When I first looked into investing, it was like staring across the Atlantic Ocean. All I could see was a vast, churning deep, full of danger [1] that could swallow my wealth whole.
I needed help to sail these seas, and among the competing offers I found a trusty vessel named index investing [2].
While you can make the journey in expensive luxury liners like actively managed funds [4] or in a one-man skiff tossed hither and thither by your own stock picking [5], here are five reasons why a more modest seeming vehicle – a portfolio of index funds – makes the most sense:
1. Index investing is simple
Never invest in anything you don’t understand is a mantra repeated time and again in personal finance. Like never crossing the road between parked cars, it’s excellent advice that’s all too easy to ignore.
Happily, index investing is easy to understand, even for those with little investment experience.
- You use simple index tracker funds [6] or Exchange Traded Funds (ETFs) to construct a diversified portfolio [7] that keeps your eggs in many baskets.
- You make regular contributions to your funds and rebalance [8] your portfolio as little as once a year (some prefer never).
- Holiest of holies: You don’t try to time the market or pick hot stocks.
2. Index investing works
Index investors will beat the average active investor after costs and taxes, according to Nobel Prize winners like William Sharpe [9] and legendary investors like Warren Buffett [10].

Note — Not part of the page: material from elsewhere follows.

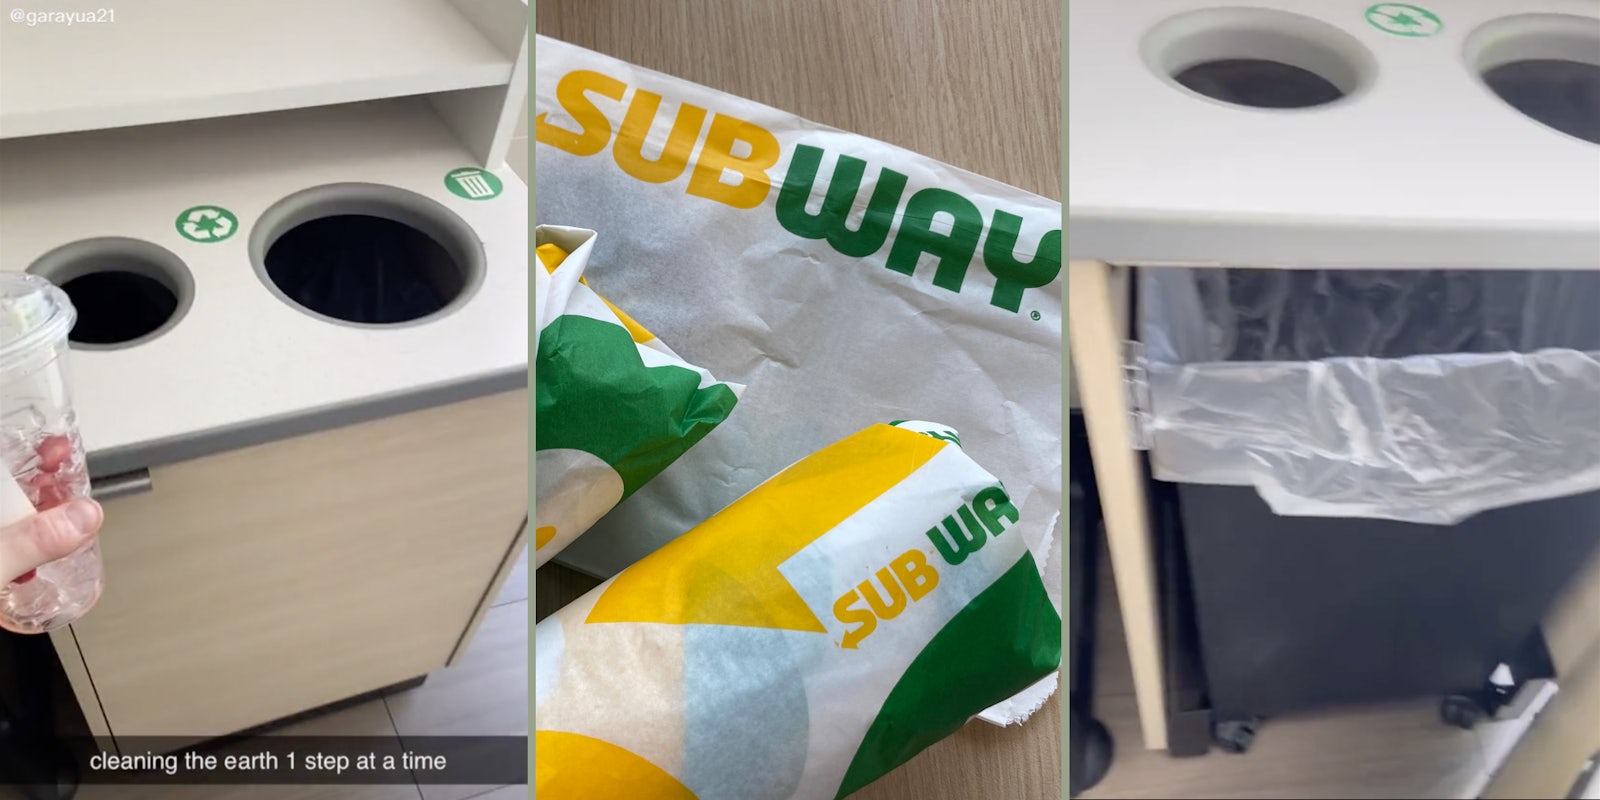 Recycling and trash bin (L,R) Subway sandwich (M)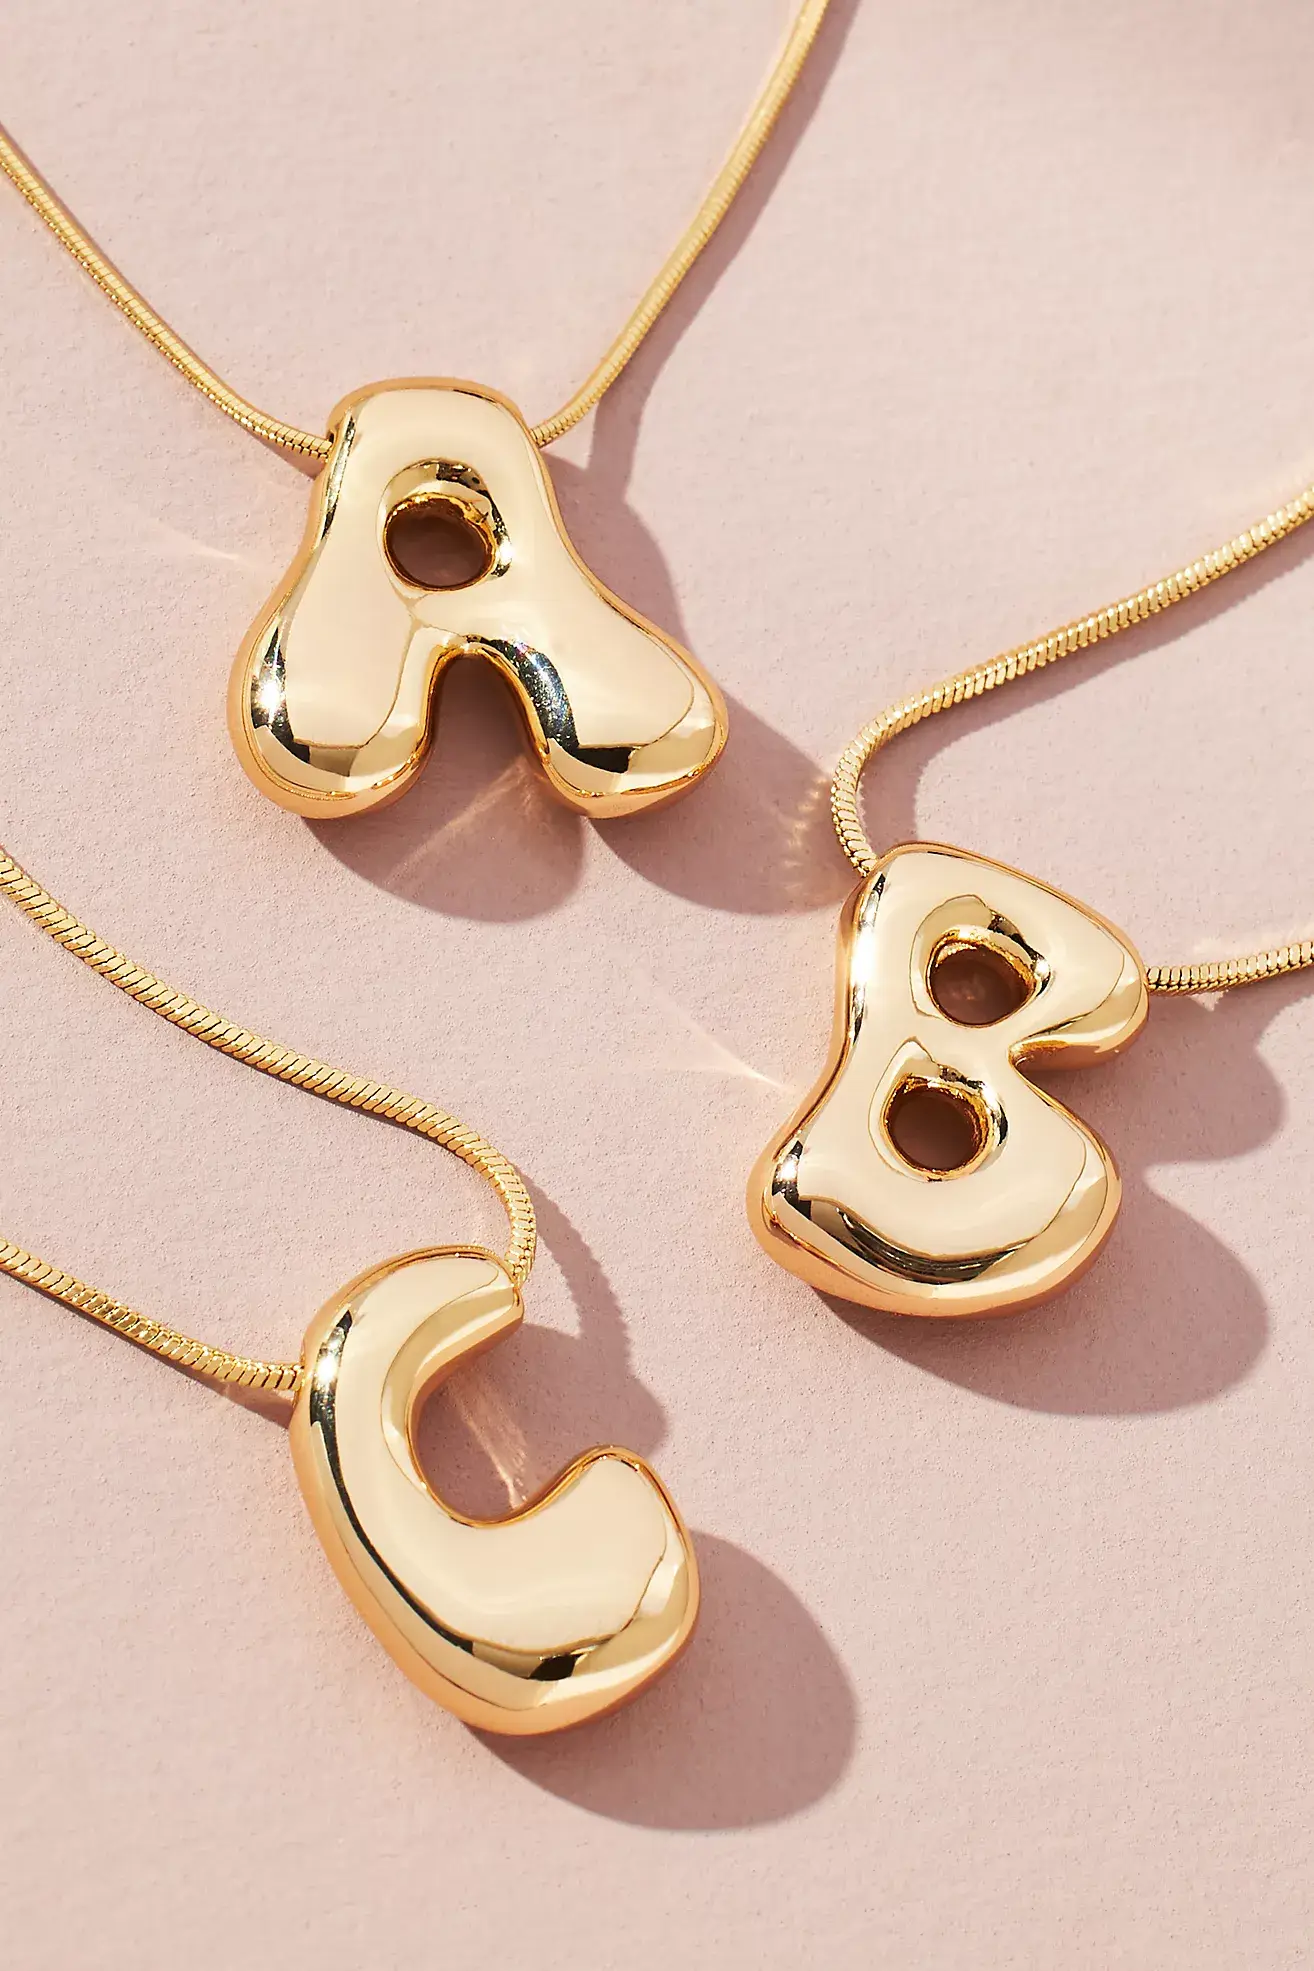 GOLD NECKLACES | Everyday Gold Gemstone Jewellery – Honoura

Study after study shows [11] that most actively managed funds are trumped by index funds over the long-term. Why? Because index trackers are dirt cheap. Their low costs nibble away less of your pie than pricier active funds [12], which rarely put in the consistently stellar performance required to justify their high fees.
Index investing is not a ticket to instant riches. It doesn’t aim to beat the market, but rather to capture the returns of the market. We’re putting our money on the tortoise, not the hare.
3. Index investing is affordable
Cheap index trackers can be bought from online brokers [13] like Hargreaves Lansdown [14]. You can buy in small, regular chunks and build up your portfolio slowly over time.
With a bit of confidence and self-education you can manage it all yourself. This means you avoid paying commission or fees to a financial advisor.
4. Index investing doesn’t waste your life
Stock-picking hoovers up vast amounts of time. Index investing leaves you free to sniff the roses. There’s no need to grapple with complex methodologies, pour over company accounts or entangle yourself in charts.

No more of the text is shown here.